235704 Early life traumatic stressors and the mediating role of post-traumatic stress disorder (PTSD) in incident HIV infection among 13,276 U.S. men, comparisons by sexual orientation and race/ethnicity: Results from the National Epidemiologic Survey on Alcohol and Related Conditions, 2004-2005

Wednesday, November 2, 2011

Sari L. Reisner, MA , The Fenway Institute, Fenway Health and Harvard School of Public Health, Boston, MA
Kathryn L. Falb, MHS , Department of Society, Human Development, and Health, Harvard School of Public Health, Boston, MA
Matthew J. Mimiaga, ScD, MPH , Psychiatry, Harvard Medical School/Massachusetts General Hospital and The Fenway Institute, Fenway Health, Boston, MA
Background: Traumatic life events in childhood during critical periods of development have long-term psychological sequelae, which may affect risk for HIV infection across the life course.

Methods: Data were from a nationally representative sample of 13,276 U.S. men (NESARC, 2004-2005). Weighted multivariable logistic regression models examined (1) the association of childhood violent events before age 18 on 12 month incident HIV infection; (2) whether post-traumatic stress disorder (PTSD) diagnosis (clinical interview) mediated the association between early life events and incident HIV-infection.

Results: The 12 month HIV incidence was <1% (0.35%); 44% of new infections were among racial/ethnic minorities and 31% among men who have sex with men (MSM). One third of the sample (33%) reported one or more early life stressors (physical abuse, sexual abuse, neglect, verbal violence, witnessed parental violence). In a weighted, multivariable logistic regression model adjusted for age, education, family socioeconomic position, and sexual orientation, each additional early life violent event was associated with an elevated odds of HIV-infection (aOR=1.22; 95% CI=1.06, 1.39). There was evidence that PTSD partially mediated the relationship between early life traumatic events and HIV; however, the robustness of mediated effects differed substantially for MSM compared to non-MSM, and for racial/ethnic minorities compared to whites.

Conclusion: Experiencing early life violent family stressors was associated with incident HIV infection. Early traumatic life events and HIV infection were differentially mediated by PTSD depending on one's sexual orientation and race/ethnicity. Findings have implications for HIV prevention, including interventions for HIV risk reduction and PTSD treatment.

Learning Areas:
Public health or related research

Learning Objectives:
(1) To describe the role of early life stressful events (experienced before age 18) in incident HIV infection in the past 12 months (age 18+). (2) To evaluate whether sexual orientation and race/ethnicity moderate the relationship between early life stress and HIV infection. (3) To empirically test whether PTD mediates the relationship between early life stress and incident HIV infection among men. (4) To consider implications of findings for HIV prevention efforts.
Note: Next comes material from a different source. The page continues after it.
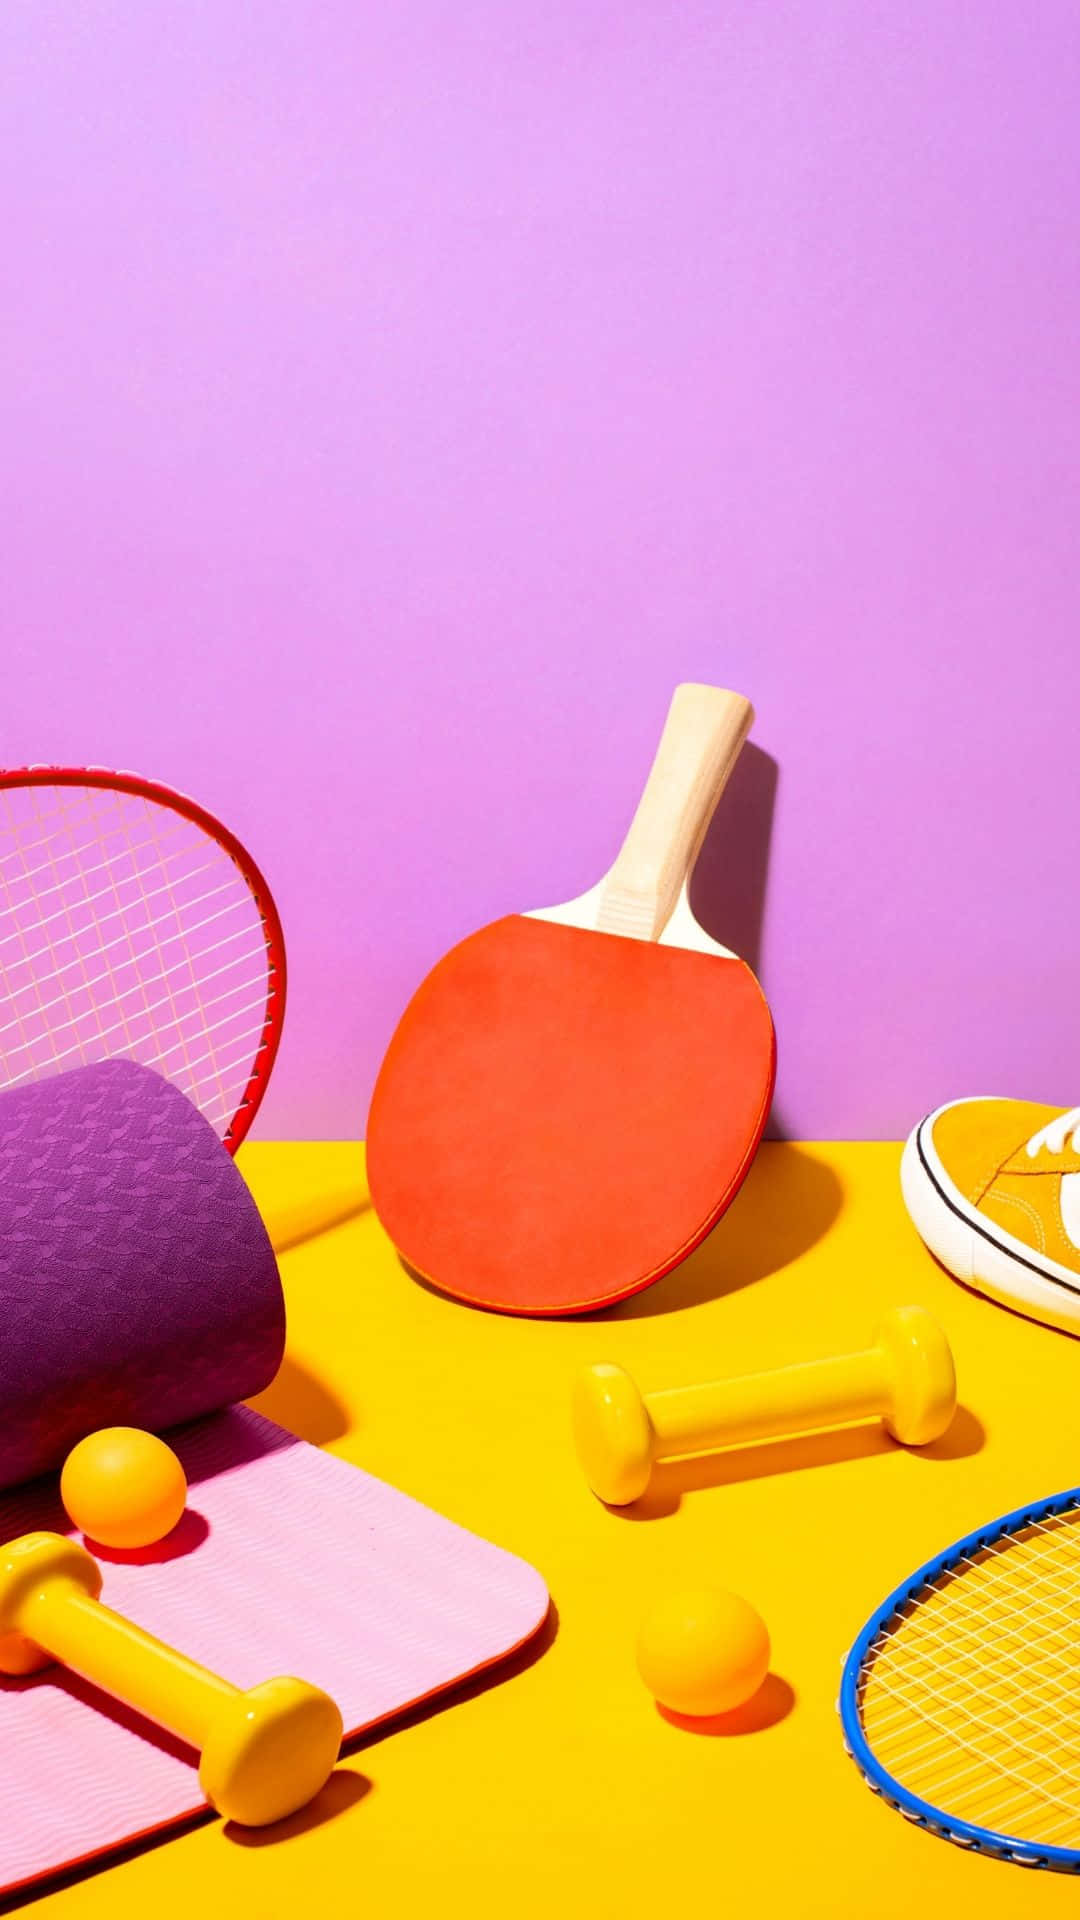 Sfondocon Immagini Di Attrezzature Sportive Per Il Badminton E Il Tennis Da Tavolo.

Keywords: HIV/AIDS, Epidemiology

Presenting author's disclosure statement:

Qualified on the content I am responsible for because: Sari Reisner, MA is a Research Analyst at The Fenway Institute, Fenway Health in Boston, MA and a doctoral student in social and psychiatric epidemiology in the Department of Society, Human Development, and Health at Harvard School of Public Health. His current research is guided by a human developmental, life course approach to the study of mental and physical health disparities, including: (1) the social and psychiatric epidemiology of HIV; (2) application of new methodologies to study the health of marginalized and underserved populations. He has co-authored more than 25 peer-reviewed publications on sexual and gender minority health, and has experience in the design, implementation, and evaluation of community-based research, including federally and state-funded intervention studies. He has presented his research nationally at conferences such as APHA, the Society of Behavioral Medicine, and the CDC National HIV Prevention Conference, as well as internationally, at the International AIDS Conference. He is an editorial consultant for the American College of Physicians, Physicians Information and Education Resource (PIER), and a member of the Transgender Research Group at the National Center for Population Research in LGBT Health. Mr. Reisner earned a Masterís degree from Brandeis University and a Bachelorís degree from Georgetown University.
Any relevant financial relationships? No

I agree to comply with the American Public Health Association Conflict of Interest and Commercial Support Guidelines, and to disclose to the participants any off-label or experimental uses of a commercial product or service discussed in my presentation.